The Interstices of Human and Technical Machine

In addition to addressing LightFM at the level of its technical workings and infrastructural instantiations, I aim to conceptualise the role these workings play in the ongoing crystallisation of power relations. Deleuze and Guattari offer a useful starting point: everything, for them, is political and every politics is “simultaneously a micropolitics and a macropolitics.”1 They offer the example of “aggregates of the perception or feeling type” and maintain that “their molar organisation, their rigid segmentarity, does not preclude the existence of an entire world of micropercepts, fine segmentations that grasp or experience different things, are distributed and operate differently.”2 Much as there are multitudes of molecular variations that escape dominant molar understandings of perception, I argue that there are sinuous historical and machinic paths that criss-cross and circle the linear division of human and technical machine. Further, “there is a double reciprocal dependency between”3 the molar and molecular. Just as multifarious populations are shaped by molar classes, the intertwining histories and relations of humans and technical machines are moulded by the dichotomy’s rigid structure. As a result, some theorisation of humans and technical machines privilege one side of this dichotomy. For instance, in Andy Clark’s notion of the extended mind4 and Marshall McLuhan’s conception of media as extensions of man5, media and technical machines are rendered as mere prostheses to human cognition or perception. I favour neither this nor the opposite molar approach of imputing disproportionate agency to technical machines; there is more to explore at the molecular level, in what we might think of as a machinic unconscious.
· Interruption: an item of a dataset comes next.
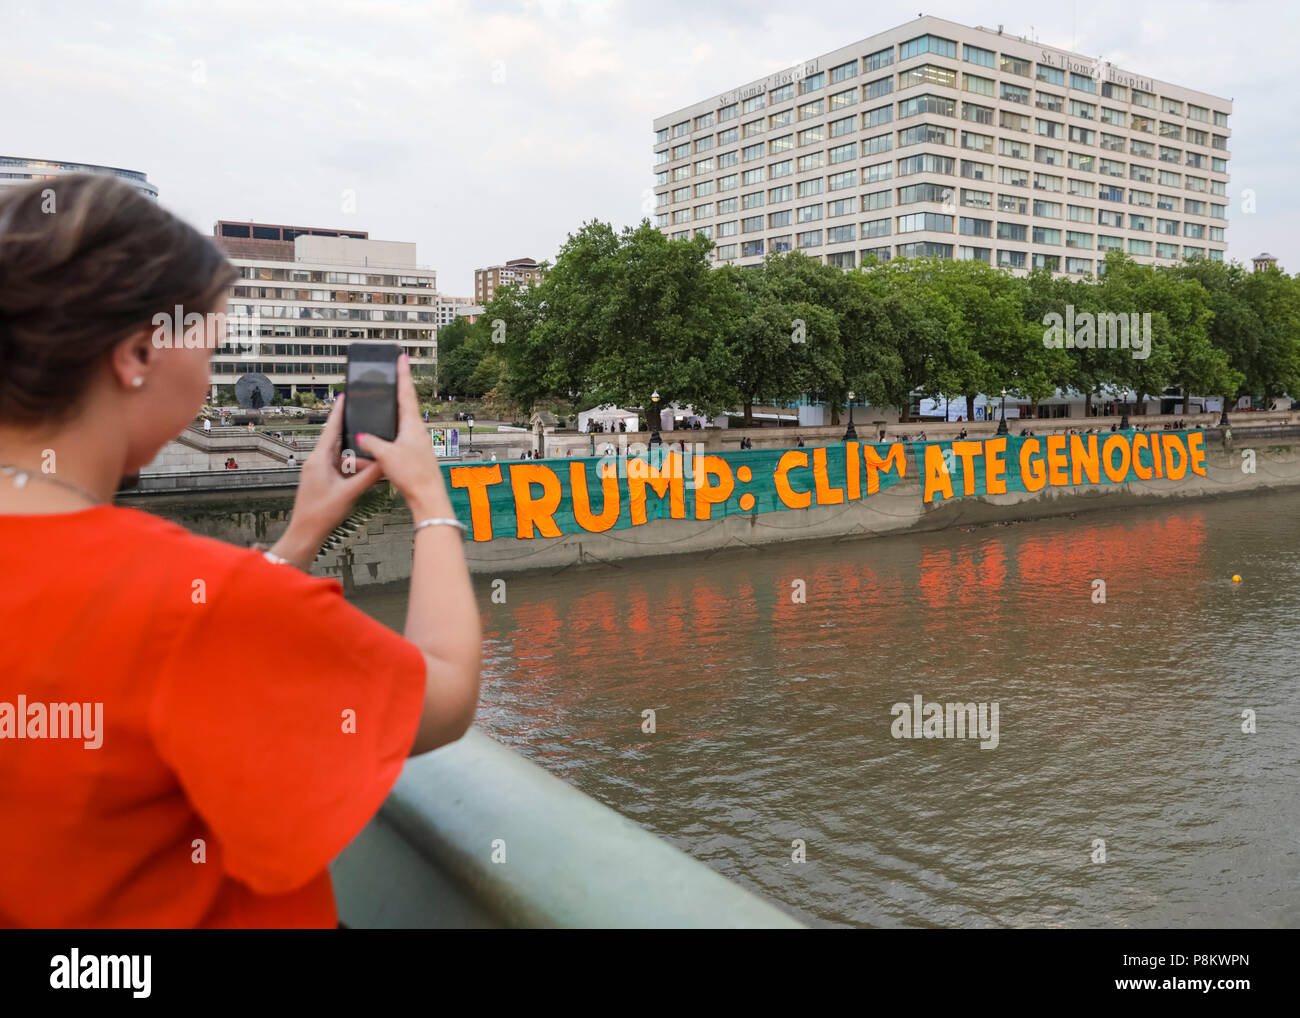 Westminster, London, 12th July 2018. Campaigners against climate change protest over Donald Trump's visit by dropping a giant banner reading 'Trump: Climate Genocide' at St Thomas’ Hospital Gardens, opposite the Houses of Parliament in Westminster. The huge banner, 100 metres x 9 metres large, is to raise awareness about the US president's climate policies. Credit: Imageplotter News and Sports/Alamy Live News Stock Photo

In his book The Machinic Unconscious, Guattari posits “a consciousness independent of individuated subjectivity [that] could manifest itself as a component in the assemblages of enunciation, ‘mixing’ social, technical and data processing machines with human subjectivity, but could also manifest itself in purely machinic assemblages, for example in completely automated and computerized systems”6. While this partly or fully nonhuman consciousness is central to my analysis of LightFM, my reading does not impute consciousness to non-living things. Were it to do so, I might be seen to espouse a form of panpsychism which views “mind [as] a fundamental property of matter itself”7; I believe that this position and the questions it raises are beyond the scope of this text. I limit myself to tracing through these “social, technical and data processing machines”, semiotic processes that reside in the barren and unmapped hinterlands of human subjectivity. Following Maurizio Lazzarato, I identify “mixed” and fully computational enunciatory assemblages as proto-subjectivities. These belong to the register of “non-representational and asignifying”8 semiotics: a sign system that operates below the threshold of individuated subjectivity and one that favours pattern over meaning.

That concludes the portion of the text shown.